- Exercise brief -
Below is a set of records. Repeat all of them exactly.

Stored data
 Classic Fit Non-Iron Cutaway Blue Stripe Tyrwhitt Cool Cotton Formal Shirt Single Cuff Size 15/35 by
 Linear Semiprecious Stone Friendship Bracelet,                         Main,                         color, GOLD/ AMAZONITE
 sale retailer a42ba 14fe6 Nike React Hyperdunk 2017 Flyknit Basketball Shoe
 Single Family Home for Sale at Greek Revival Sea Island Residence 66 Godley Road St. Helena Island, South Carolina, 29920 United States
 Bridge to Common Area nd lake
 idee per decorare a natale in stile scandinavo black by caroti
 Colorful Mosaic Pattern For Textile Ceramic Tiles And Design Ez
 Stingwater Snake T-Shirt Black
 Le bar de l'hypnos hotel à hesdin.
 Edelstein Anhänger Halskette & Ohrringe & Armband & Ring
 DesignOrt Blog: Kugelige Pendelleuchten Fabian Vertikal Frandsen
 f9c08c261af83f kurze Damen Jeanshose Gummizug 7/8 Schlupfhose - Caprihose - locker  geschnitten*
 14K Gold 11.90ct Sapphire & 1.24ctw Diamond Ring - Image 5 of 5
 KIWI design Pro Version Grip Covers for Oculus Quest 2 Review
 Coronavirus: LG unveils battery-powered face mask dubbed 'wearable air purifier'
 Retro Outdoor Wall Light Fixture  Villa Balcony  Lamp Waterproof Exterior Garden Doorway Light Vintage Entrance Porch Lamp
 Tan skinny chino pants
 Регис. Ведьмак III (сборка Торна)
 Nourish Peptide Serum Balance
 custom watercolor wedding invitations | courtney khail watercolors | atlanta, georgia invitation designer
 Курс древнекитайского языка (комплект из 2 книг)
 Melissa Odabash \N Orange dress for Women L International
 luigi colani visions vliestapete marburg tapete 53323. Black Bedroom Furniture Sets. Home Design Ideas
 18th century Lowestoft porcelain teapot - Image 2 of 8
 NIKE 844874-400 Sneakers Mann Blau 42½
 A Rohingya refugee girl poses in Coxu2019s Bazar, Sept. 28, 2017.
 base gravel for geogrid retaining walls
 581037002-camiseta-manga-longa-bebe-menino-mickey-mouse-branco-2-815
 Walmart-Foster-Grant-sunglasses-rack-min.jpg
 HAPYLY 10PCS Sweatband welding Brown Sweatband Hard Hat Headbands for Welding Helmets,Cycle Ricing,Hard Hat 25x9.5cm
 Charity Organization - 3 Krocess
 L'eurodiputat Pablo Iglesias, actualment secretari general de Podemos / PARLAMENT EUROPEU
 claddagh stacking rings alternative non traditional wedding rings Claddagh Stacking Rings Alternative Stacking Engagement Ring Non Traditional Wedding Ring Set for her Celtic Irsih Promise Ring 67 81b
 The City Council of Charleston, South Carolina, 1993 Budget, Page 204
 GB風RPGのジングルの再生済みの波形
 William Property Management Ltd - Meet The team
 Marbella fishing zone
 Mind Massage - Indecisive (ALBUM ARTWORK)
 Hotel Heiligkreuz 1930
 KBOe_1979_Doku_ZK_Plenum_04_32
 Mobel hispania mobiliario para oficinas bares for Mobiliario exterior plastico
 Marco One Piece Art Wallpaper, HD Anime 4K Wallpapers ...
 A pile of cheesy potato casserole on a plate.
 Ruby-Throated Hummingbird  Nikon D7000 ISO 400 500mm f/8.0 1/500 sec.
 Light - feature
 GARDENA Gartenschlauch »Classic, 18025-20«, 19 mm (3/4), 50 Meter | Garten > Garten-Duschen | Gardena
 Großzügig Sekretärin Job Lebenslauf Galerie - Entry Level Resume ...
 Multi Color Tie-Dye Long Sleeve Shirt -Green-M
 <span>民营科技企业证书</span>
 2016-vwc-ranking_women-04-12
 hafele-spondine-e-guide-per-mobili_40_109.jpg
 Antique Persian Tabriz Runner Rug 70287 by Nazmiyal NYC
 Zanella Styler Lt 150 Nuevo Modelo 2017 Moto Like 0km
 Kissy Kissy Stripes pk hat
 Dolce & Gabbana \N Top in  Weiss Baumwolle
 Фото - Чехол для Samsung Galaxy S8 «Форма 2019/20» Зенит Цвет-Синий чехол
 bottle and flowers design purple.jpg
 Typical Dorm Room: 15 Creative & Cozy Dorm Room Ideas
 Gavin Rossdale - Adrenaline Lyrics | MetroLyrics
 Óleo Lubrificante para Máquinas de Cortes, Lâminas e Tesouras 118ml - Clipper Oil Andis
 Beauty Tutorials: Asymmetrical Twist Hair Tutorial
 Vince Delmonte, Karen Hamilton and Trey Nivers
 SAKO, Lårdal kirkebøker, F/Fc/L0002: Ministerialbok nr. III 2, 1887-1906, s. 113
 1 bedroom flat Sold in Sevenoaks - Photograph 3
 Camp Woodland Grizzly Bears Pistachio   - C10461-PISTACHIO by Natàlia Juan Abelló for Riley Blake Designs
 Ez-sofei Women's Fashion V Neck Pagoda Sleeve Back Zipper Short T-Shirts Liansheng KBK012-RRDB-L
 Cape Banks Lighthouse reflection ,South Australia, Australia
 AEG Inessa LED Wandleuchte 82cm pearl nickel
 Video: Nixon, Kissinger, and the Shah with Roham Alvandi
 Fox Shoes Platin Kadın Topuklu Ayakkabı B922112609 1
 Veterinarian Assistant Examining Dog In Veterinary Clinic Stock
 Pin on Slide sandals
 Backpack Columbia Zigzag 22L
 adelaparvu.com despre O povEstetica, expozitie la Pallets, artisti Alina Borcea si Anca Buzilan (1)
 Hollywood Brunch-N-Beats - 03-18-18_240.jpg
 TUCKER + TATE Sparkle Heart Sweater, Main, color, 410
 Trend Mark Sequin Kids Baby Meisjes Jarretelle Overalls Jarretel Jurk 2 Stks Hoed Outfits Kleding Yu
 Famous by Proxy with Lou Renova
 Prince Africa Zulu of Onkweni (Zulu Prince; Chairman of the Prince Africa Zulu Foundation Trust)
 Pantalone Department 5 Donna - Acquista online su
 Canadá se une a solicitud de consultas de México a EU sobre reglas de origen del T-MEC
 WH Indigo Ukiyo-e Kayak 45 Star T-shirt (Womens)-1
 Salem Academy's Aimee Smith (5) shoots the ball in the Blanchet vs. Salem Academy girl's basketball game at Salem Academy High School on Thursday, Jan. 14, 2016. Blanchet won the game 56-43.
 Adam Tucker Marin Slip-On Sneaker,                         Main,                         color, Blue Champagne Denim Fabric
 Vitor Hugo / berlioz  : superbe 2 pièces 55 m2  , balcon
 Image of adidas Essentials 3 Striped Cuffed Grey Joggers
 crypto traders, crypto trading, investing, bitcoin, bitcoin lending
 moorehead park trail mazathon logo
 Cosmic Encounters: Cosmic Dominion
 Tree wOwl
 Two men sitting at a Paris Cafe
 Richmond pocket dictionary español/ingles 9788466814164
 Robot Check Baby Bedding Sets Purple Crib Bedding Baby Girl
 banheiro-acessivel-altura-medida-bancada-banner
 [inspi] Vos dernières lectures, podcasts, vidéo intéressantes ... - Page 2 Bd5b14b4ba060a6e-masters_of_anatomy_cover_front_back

- Written response -
 Classic Fit Non-Iron Cutaway Blue Stripe Tyrwhitt Cool Cotton Formal Shirt Single Cuff Size 15/35 by
 Linear Semiprecious Stone Friendship Bracelet,                         Main,                         color, GOLD/ AMAZONITE
 sale retailer a42ba 14fe6 Nike React Hyperdunk 2017 Flyknit Basketball Shoe
 Single Family Home for Sale at Greek Revival Sea Island Residence 66 Godley Road St. Helena Island, South Carolina, 29920 United States
 Bridge to Common Area nd lake
 idee per decorare a natale in stile scandinavo black by caroti
 Colorful Mosaic Pattern For Textile Ceramic Tiles And Design Ez
 Stingwater Snake T-Shirt Black
 Le bar de l'hypnos hotel à hesdin.
 Edelstein Anhänger Halskette & Ohrringe & Armband & Ring
 DesignOrt Blog: Kugelige Pendelleuchten Fabian Vertikal Frandsen
 f9c08c261af83f kurze Damen Jeanshose Gummizug 7/8 Schlupfhose - Caprihose - locker  geschnitten*
 14K Gold 11.90ct Sapphire & 1.24ctw Diamond Ring - Image 5 of 5
 KIWI design Pro Version Grip Covers for Oculus Quest 2 Review
 Coronavirus: LG unveils battery-powered face mask dubbed 'wearable air purifier'
 Retro Outdoor Wall Light Fixture  Villa Balcony  Lamp Waterproof Exterior Garden Doorway Light Vintage Entrance Porch Lamp
 Tan skinny chino pants
 Регис. Ведьмак III (сборка Торна)
 Nourish Peptide Serum Balance
 custom watercolor wedding invitations | courtney khail watercolors | atlanta, georgia invitation designer
 Курс древнекитайского языка (комплект из 2 книг)
 Melissa Odabash \N Orange dress for Women L International
 luigi colani visions vliestapete marburg tapete 53323. Black Bedroom Furniture Sets. Home Design Ideas
 18th century Lowestoft porcelain teapot - Image 2 of 8
 NIKE 844874-400 Sneakers Mann Blau 42½
 A Rohingya refugee girl poses in Coxu2019s Bazar, Sept. 28, 2017.
 base gravel for geogrid retaining walls
 581037002-camiseta-manga-longa-bebe-menino-mickey-mouse-branco-2-815
 Walmart-Foster-Grant-sunglasses-rack-min.jpg
 HAPYLY 10PCS Sweatband welding Brown Sweatband Hard Hat Headbands for Welding Helmets,Cycle Ricing,Hard Hat 25x9.5cm
 Charity Organization - 3 Krocess
 L'eurodiputat Pablo Iglesias, actualment secretari general de Podemos / PARLAMENT EUROPEU
 claddagh stacking rings alternative non traditional wedding rings Claddagh Stacking Rings Alternative Stacking Engagement Ring Non Traditional Wedding Ring Set for her Celtic Irsih Promise Ring 67 81b
 The City Council of Charleston, South Carolina, 1993 Budget, Page 204
 GB風RPGのジングルの再生済みの波形
 William Property Management Ltd - Meet The team
 Marbella fishing zone
 Mind Massage - Indecisive (ALBUM ARTWORK)
 Hotel Heiligkreuz 1930
 KBOe_1979_Doku_ZK_Plenum_04_32
 Mobel hispania mobiliario para oficinas bares for Mobiliario exterior plastico
 Marco One Piece Art Wallpaper, HD Anime 4K Wallpapers ...
 A pile of cheesy potato casserole on a plate.
 Ruby-Throated Hummingbird  Nikon D7000 ISO 400 500mm f/8.0 1/500 sec.
 Light - feature
 GARDENA Gartenschlauch »Classic, 18025-20«, 19 mm (3/4), 50 Meter | Garten > Garten-Duschen | Gardena
 Großzügig Sekretärin Job Lebenslauf Galerie - Entry Level Resume ...
 Multi Color Tie-Dye Long Sleeve Shirt -Green-M
 <span>民营科技企业证书</span>
 2016-vwc-ranking_women-04-12
 hafele-spondine-e-guide-per-mobili_40_109.jpg
 Antique Persian Tabriz Runner Rug 70287 by Nazmiyal NYC
 Zanella Styler Lt 150 Nuevo Modelo 2017 Moto Like 0km
 Kissy Kissy Stripes pk hat
 Dolce & Gabbana \N Top in  Weiss Baumwolle
 Фото - Чехол для Samsung Galaxy S8 «Форма 2019/20» Зенит Цвет-Синий чехол
 bottle and flowers design purple.jpg
 Typical Dorm Room: 15 Creative & Cozy Dorm Room Ideas
 Gavin Rossdale - Adrenaline Lyrics | MetroLyrics
 Óleo Lubrificante para Máquinas de Cortes, Lâminas e Tesouras 118ml - Clipper Oil Andis
 Beauty Tutorials: Asymmetrical Twist Hair Tutorial
 Vince Delmonte, Karen Hamilton and Trey Nivers
 SAKO, Lårdal kirkebøker, F/Fc/L0002: Ministerialbok nr. III 2, 1887-1906, s. 113
 1 bedroom flat Sold in Sevenoaks - Photograph 3
 Camp Woodland Grizzly Bears Pistachio   - C10461-PISTACHIO by Natàlia Juan Abelló for Riley Blake Designs
 Ez-sofei Women's Fashion V Neck Pagoda Sleeve Back Zipper Short T-Shirts Liansheng KBK012-RRDB-L
 Cape Banks Lighthouse reflection ,South Australia, Australia
 AEG Inessa LED Wandleuchte 82cm pearl nickel
 Video: Nixon, Kissinger, and the Shah with Roham Alvandi
 Fox Shoes Platin Kadın Topuklu Ayakkabı B922112609 1
 Veterinarian Assistant Examining Dog In Veterinary Clinic Stock
 Pin on Slide sandals
 Backpack Columbia Zigzag 22L
 adelaparvu.com despre O povEstetica, expozitie la Pallets, artisti Alina Borcea si Anca Buzilan (1)
 Hollywood Brunch-N-Beats - 03-18-18_240.jpg
 TUCKER + TATE Sparkle Heart Sweater, Main, color, 410
 Trend Mark Sequin Kids Baby Meisjes Jarretelle Overalls Jarretel Jurk 2 Stks Hoed Outfits Kleding Yu
 Famous by Proxy with Lou Renova
 Prince Africa Zulu of Onkweni (Zulu Prince; Chairman of the Prince Africa Zulu Foundation Trust)
 Pantalone Department 5 Donna - Acquista online su
 Canadá se une a solicitud de consultas de México a EU sobre reglas de origen del T-MEC
 WH Indigo Ukiyo-e Kayak 45 Star T-shirt (Womens)-1
 Salem Academy's Aimee Smith (5) shoots the ball in the Blanchet vs. Salem Academy girl's basketball game at Salem Academy High School on Thursday, Jan. 14, 2016. Blanchet won the game 56-43.
 Adam Tucker Marin Slip-On Sneaker,                         Main,                         color, Blue Champagne Denim Fabric
 Vitor Hugo / berlioz  : superbe 2 pièces 55 m2  , balcon
 Image of adidas Essentials 3 Striped Cuffed Grey Joggers
 crypto traders, crypto trading, investing, bitcoin, bitcoin lending
 moorehead park trail mazathon logo
 Cosmic Encounters: Cosmic Dominion
 Tree wOwl
 Two men sitting at a Paris Cafe
 Richmond pocket dictionary español/ingles 9788466814164
 Robot Check Baby Bedding Sets Purple Crib Bedding Baby Girl
 banheiro-acessivel-altura-medida-bancada-banner
 [inspi] Vos dernières lectures, podcasts, vidéo intéressantes ... - Page 2 Bd5b14b4ba060a6e-masters_of_anatomy_cover_front_back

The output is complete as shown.